THEY and their ancestors fled the poverty and hopelessness of rural China to seek their fortune across the ocean. Now they mix with kings and presidents and control fortunes that move effortlessly across national borders.
The overseas Chinese elite, among the richest people on earth, consider themselves citizens of the world.
One of them, James Riady, son of Mochtar Riady, or Li Wenzheng to give him his Chinese name, is a close friend of President Bill Clinton from their years together in Arkansas in the late 1970s, a frequent visitor to the White House and a controversial contributor to the Democratic Party.
The Riady family is one of those who have chosen to invest some of their fortunes in the towns they came from on the coast of Fujian province, southeast China. Fujian has a population of 33 million, with an estimated eight million migrants and their descendants abroad, most in Southeast Asia.

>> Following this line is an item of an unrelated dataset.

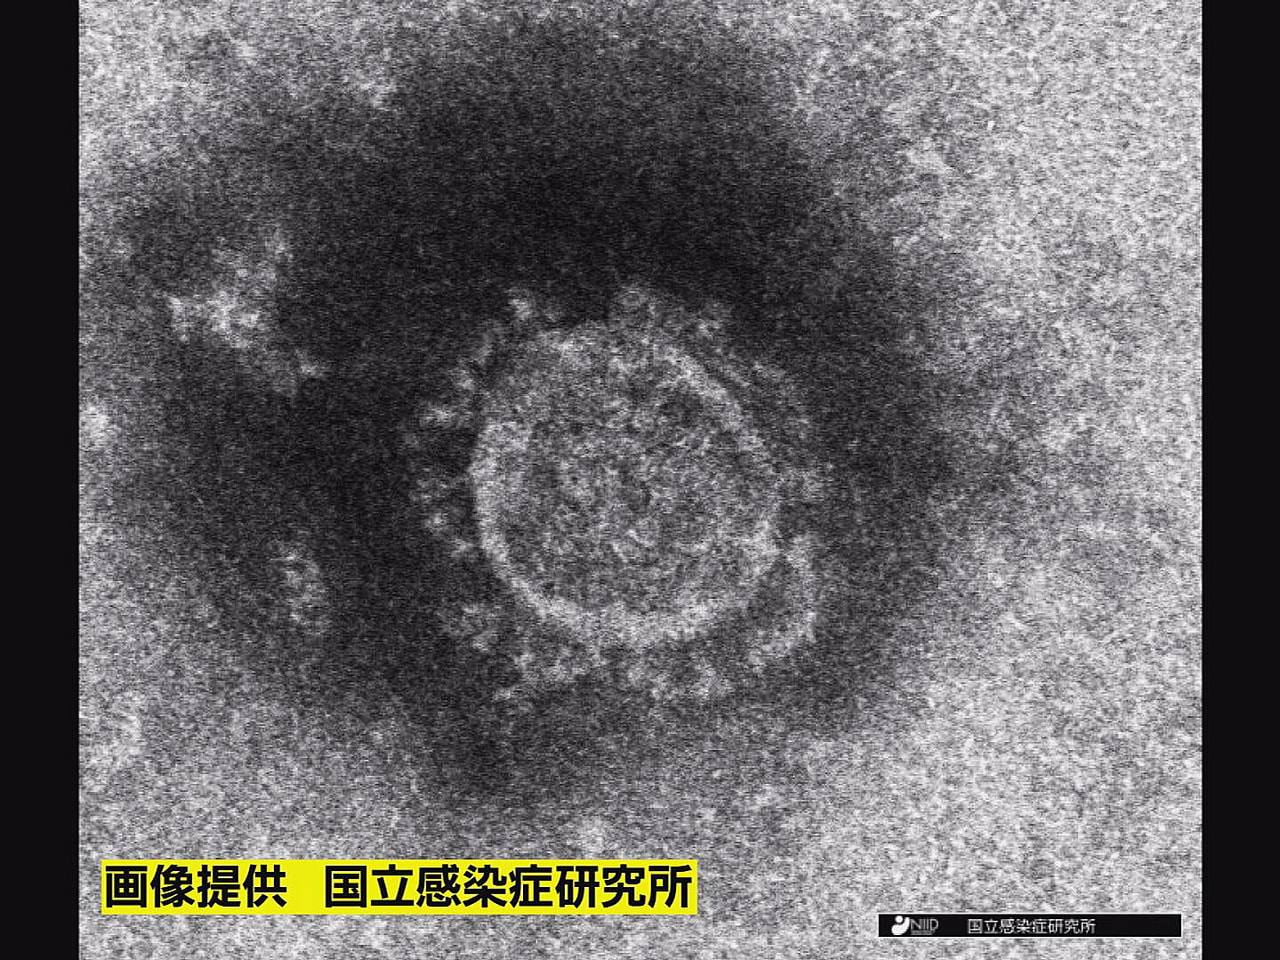 岐阜県は、２５日、県内で新型コロナウイルスの新たな感染は確認されなかったと発表し...

The town of Fuqing, 50 kilometres south of the provincial capital of Fuzhou, has been greatly changed by the largesse of two of the families among the 700,000 people that have emigrated. The present population is about one million.
One of its benefactors is Sudono Salim, whose Chinese name is Liem Sie Liong, head of the Salim Group, the largest company in Indonesia. He is one of the wealthiest of overseas Chinese. The other is Djuhar Sutanto, or Lin Wenjing, chairman of Indocement, part of the Salim Group, whose parents hail from the area.
The two men set up a group called Yuan Hong, which makes its presence felt everywhere in Fuqing.